HoYoverse III: Secret Vault

This challenge is with a provided Python file, the snip of the code is shown below:

from secret import FLAG
FLAG = FLAG[6:-1]
class HoYoVault:
    def __init__(self, u, v, w):
        self.state = [u, v, w]
        while True:
            self.p = getPrime(64)
            self.a = bytes_to_long(FLAG[:6])
            self.b = bytes_to_long(FLAG[6:12])
            self.c = bytes_to_long(FLAG[12:18])
            self.d = bytes_to_long(FLAG[18:])
            if self.p > max([self.a, self.b, self.c, self.d]):
                break
    def Generate(self):
        data = (self.a * self.state[-1] + self.b * self.state[-2] + self.c * self.state[-3] + self.d) % self.p
        self.state.append(data)
        return data
def main():
    vault = HoYoVault(getRandomInteger(128), getRandomInteger(256), getRandomInteger(512))
    print("data = " + str([vault.Generate() for _ in range(7)]))
    print("p = " + str(vault.p))
if __name__ == "__main__":
    main() 
# data = [14169084828739113416, 12950362233651727953, 13081576751296291893, 11189892724250189745, 2366046383900978737, 1749792629103627315, 8575562236709928474]
# p = 16200480981168924301

From the code, I can see the outputted data is generated through the flag and previous states, while the generated data is appended to state to be used in generating future data.

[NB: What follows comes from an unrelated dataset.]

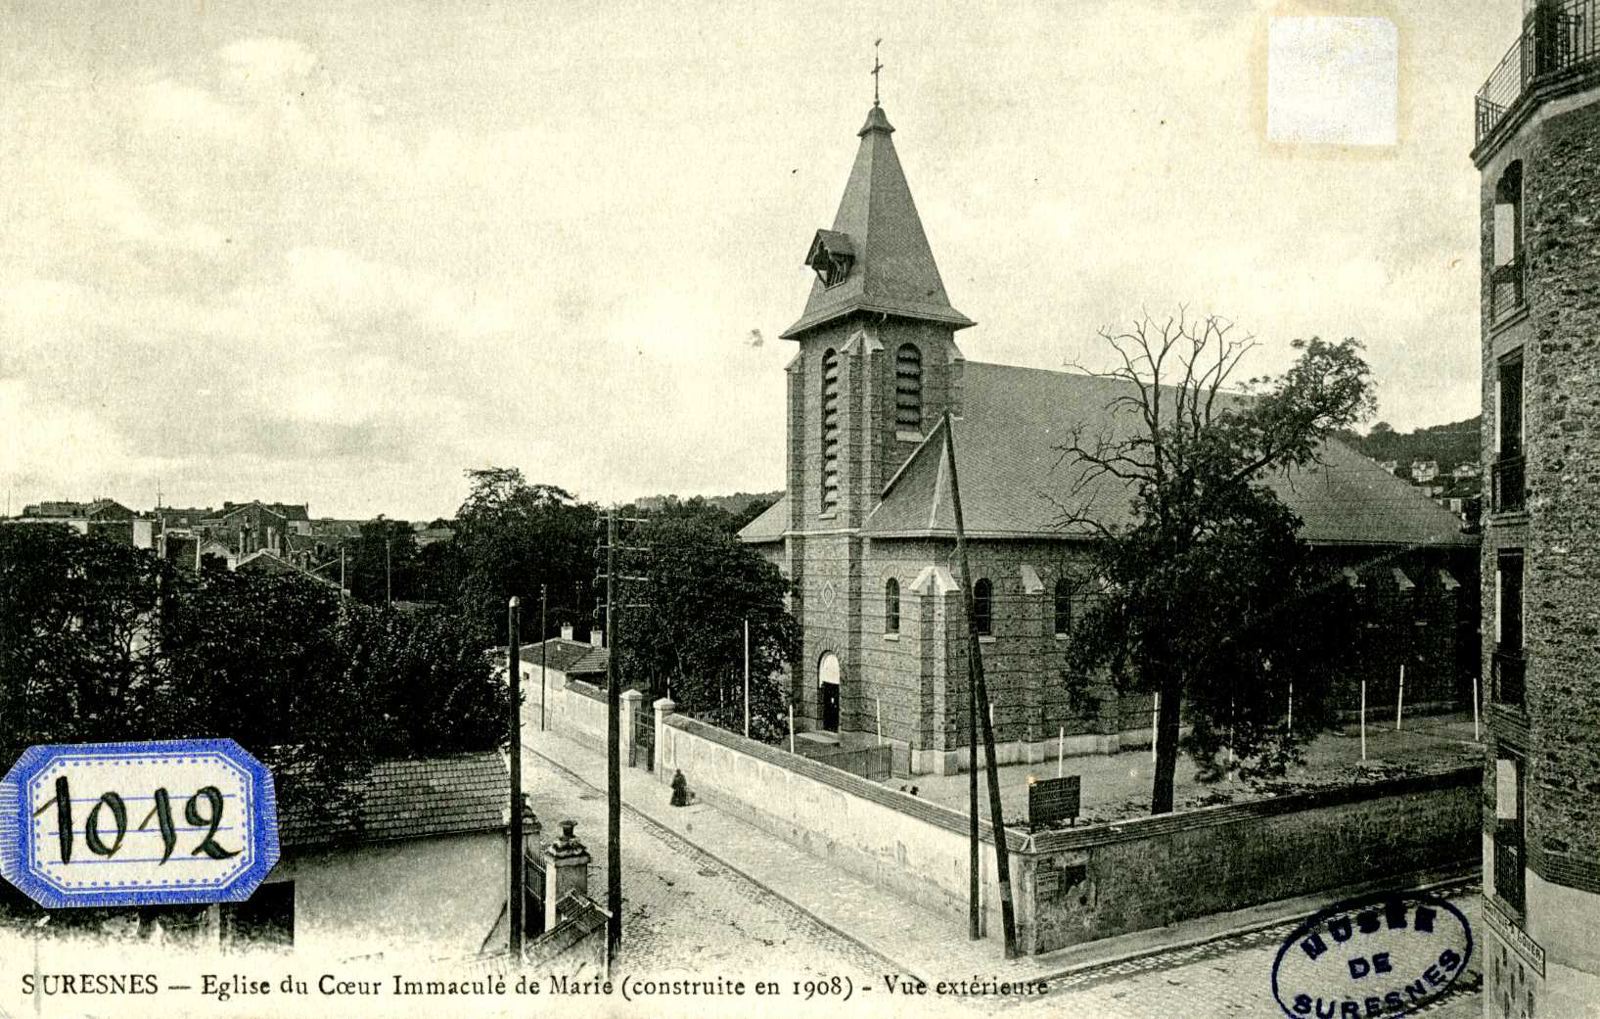 Suresnes, Eglise du Coeur immaculé de Marie (construite en 1908). Vue extérieure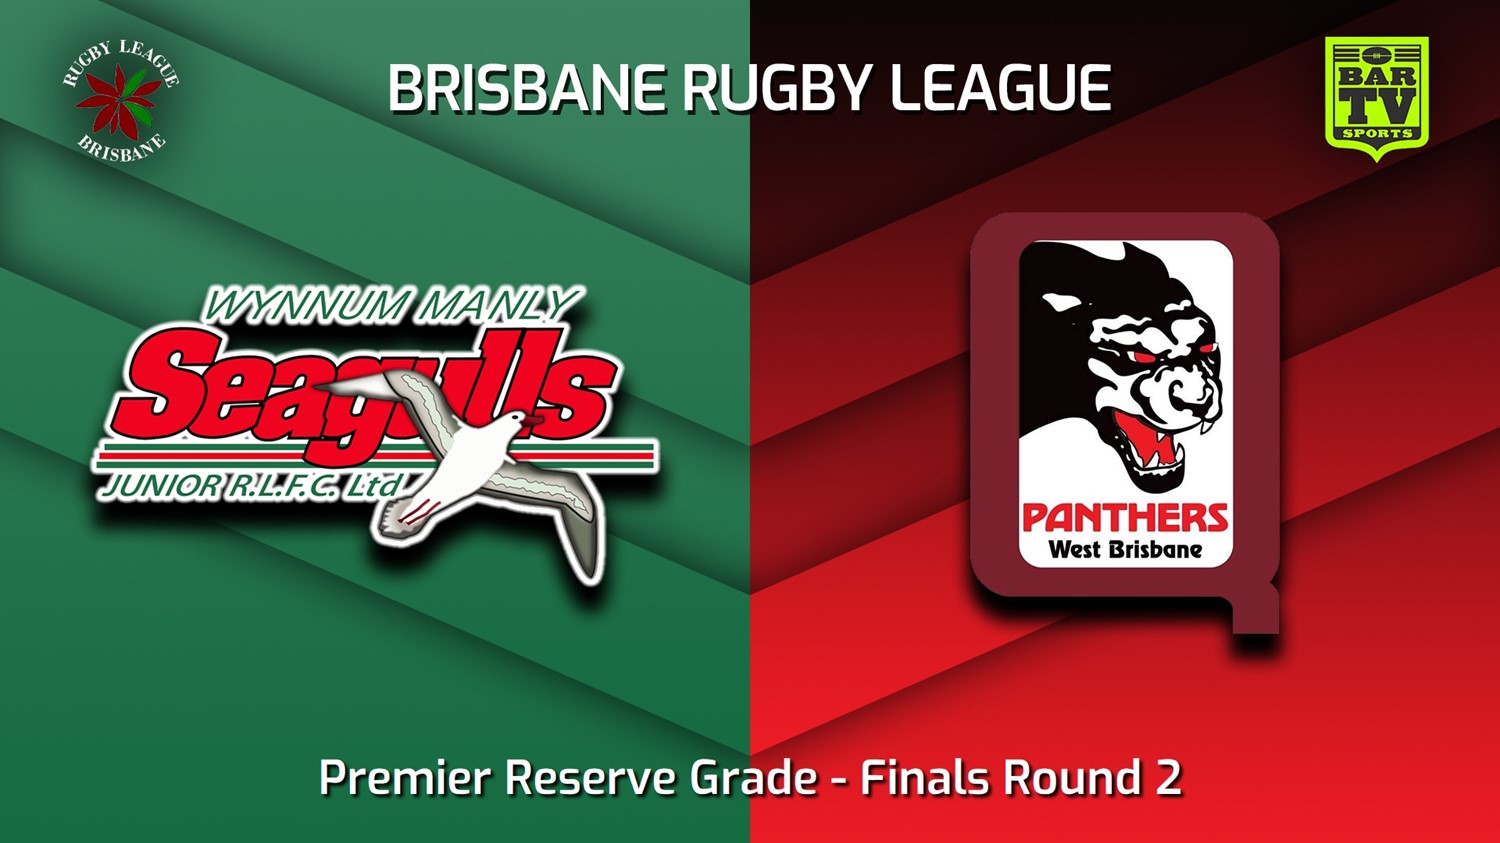 230826-BRL Finals Round 2 - Premier Reserve Grade - Wynnum Manly Seagulls Juniors v West Brisbane Panthers Slate Image

With enough data output provided, I can form a system of linear equations, and solve for the flag.

data = [14169084828739113416, 12950362233651727953, 13081576751296291893, 11189892724250189745, 2366046383900978737, 1749792629103627315, 8575562236709928474]
# modified from code from https://stackoverflow.com/a/62600438
import sympy
eq = []
values = []
for i in range(len(data) - 3):
    eq.append([data[i], data[i + 1], data[i + 2], 1])
    values.append(data[i + 3])
eq = sympy.Matrix(eq)
values = sympy.Matrix(values)
m = 16200480981168924301
det = int(eq.det())
if gcd(det, m) == 1:
    ans = int(pow(det, -1, m)) * eq.adjugate() @ values % m
flag = b''
for i in ans:
    flag += int(i).to_bytes(6, 'big')
print(flag)

I was also trying to use solve_mod in SageMath instead of pulling code from Stack Overflow, which worked great in one of the ImaginaryCTF challenges sharing the very similar idea but with an a lot smaller modulus. However, when I used it in this challenge, I got the following error:

OverflowError: Python int too large to convert to C ssize_t

After the CTF ended, on Cryptoverse Discord server, Neobeo from the “Social Engineering Experts” team (I think) suggested that they were able to define the linear equations in a Finite Field in SageMath and used solve_right to solve the equations.